An environment is also defined as a set of key/value pairs with the key being its name and the value being a dictionary of its attributes. The possible attributes of an environment are the following:

  • type: The type of the environment to create. There are two available environment types (note that names are case sensitive):
    • 'Environment': A simple environment.
    • 'ProgEnvironment': A programming environment.
  • modules: A list of modules to be loaded when this environment is used (default [], valid for all environment types)
  • variables: A set of variables to be set when this environment is used (default {}, valid for all environment types)
  • cc: The C compiler (default 'cc', valid for 'ProgEnvironment' only).
  • cxx: The C++ compiler (default 'CC', valid for 'ProgEnvironment' only).
  • ftn: The Fortran compiler (default 'ftn', valid for 'ProgEnvironment' only).
  • cppflags: The default preprocessor flags (default None, valid for 'ProgEnvironment' only).
  • cflags: The default C compiler flags (default None, valid for 'ProgEnvironment' only).
  • cxxflags: The default C++ compiler flags (default None, valid for 'ProgEnvironment' only).
  • fflags: The default Fortran compiler flags (default None, valid for 'ProgEnvironment' only).
  • ldflags: The default linker flags (default None, valid for 'ProgEnvironment' only).

Note

All flags for programming environments are now defined as list of strings instead of simple strings.

Changed in version 2.17.

System Auto-Detection

When the ReFrame is launched, it tries to auto-detect the current system based on its site configuration. The auto-detection process is as follows:

ReFrame first tries to obtain the hostname from /etc/xthostname, which provides the unqualified machine name in Cray systems. If this cannot be found the hostname will be obtained from the standard hostname command. Having retrieved the hostname, ReFrame goes through all the systems in its configuration and tries to match the hostname against any of the patterns in the hostnames attribute of system configuration. The detection process stops at the first match found, and the system it belongs to is considered as the current system.

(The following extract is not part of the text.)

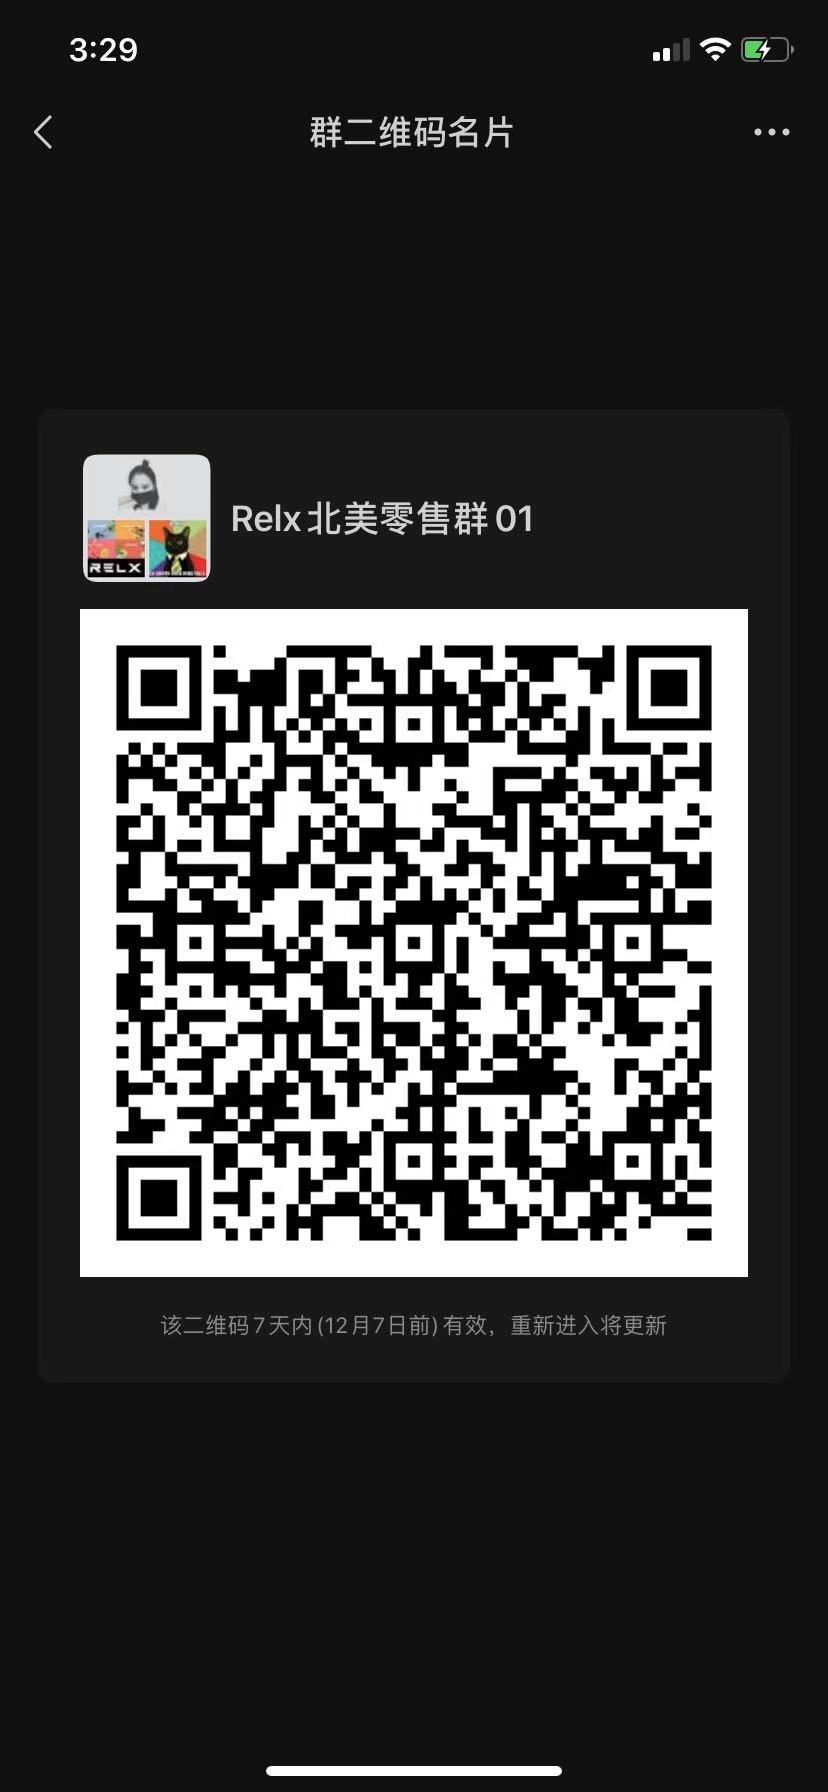 RELX 北美零售群 群主微信二维码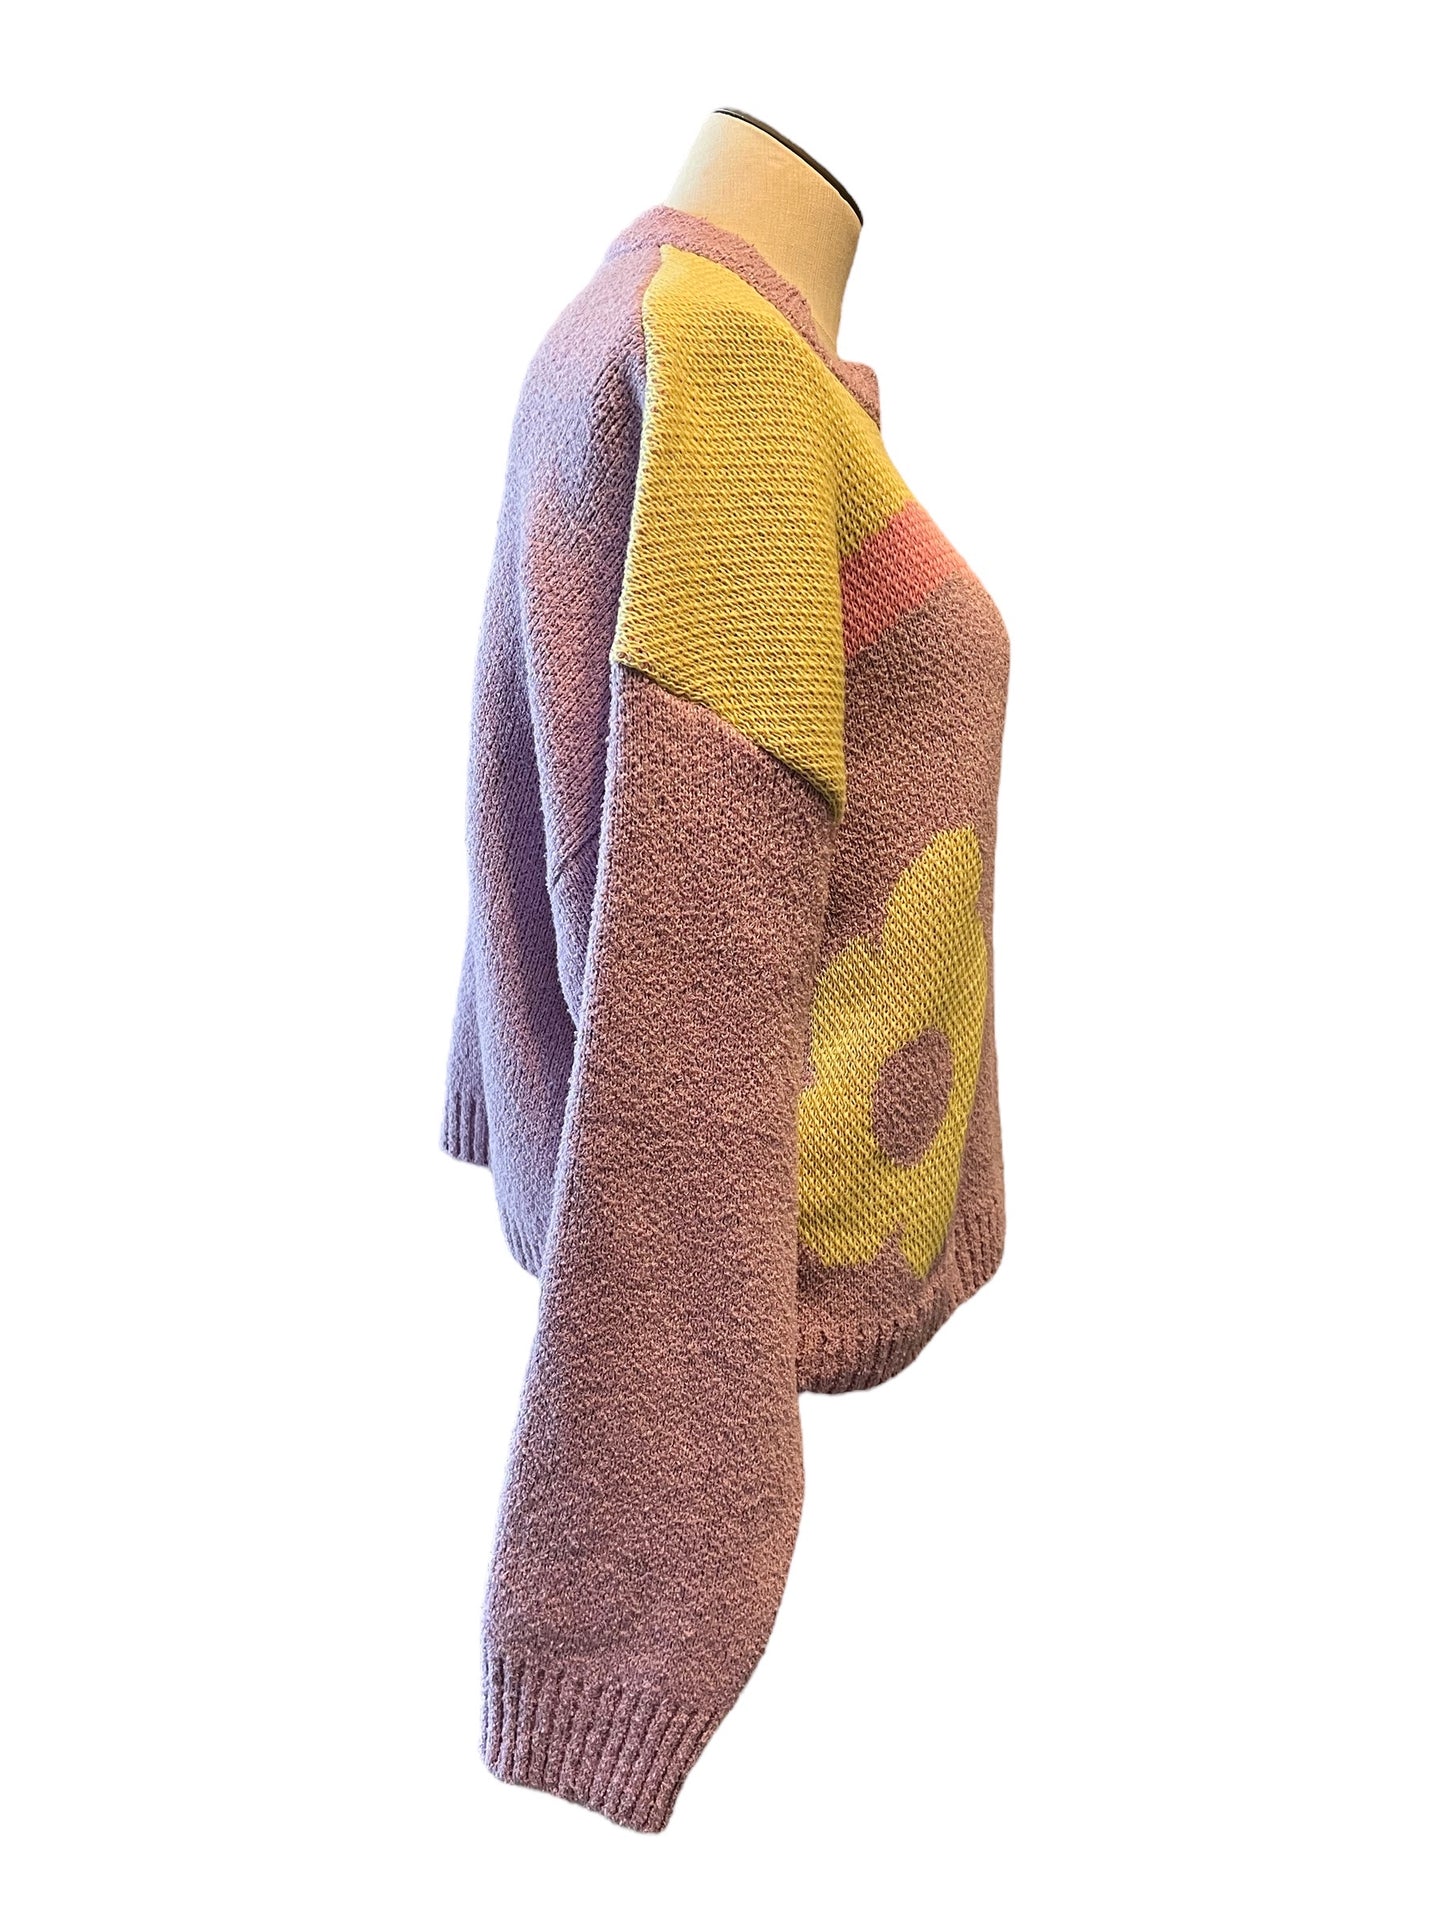 Zara Size M Retro Purple & Yellow Flower Sweater

If the system cannot be auto-detected, ReFrame will fail with an error message. You can override completely the auto-detection process by specifying a system or a system partition with the --system option (e.g., --system daint or --system daint:gpu).

Showing configuration

New in version 2.16.

It is possible to ask ReFrame to print the configuration of the current system or the configuration of any programming environment defined for the current system. There are two command-line options for performing these operations:

  • --show-config: This option shows the current system’s configuration and exits. It can be combined with the --system option in order to show the configuration of another system.
  • --show-config-env ENV: This option shows the configuration of the programming environment ENV and exits. The environment ENV must be defined for any of the partitions of the current system. This option can also be combined with --system in order to show the configuration of a programming environment defined for another system.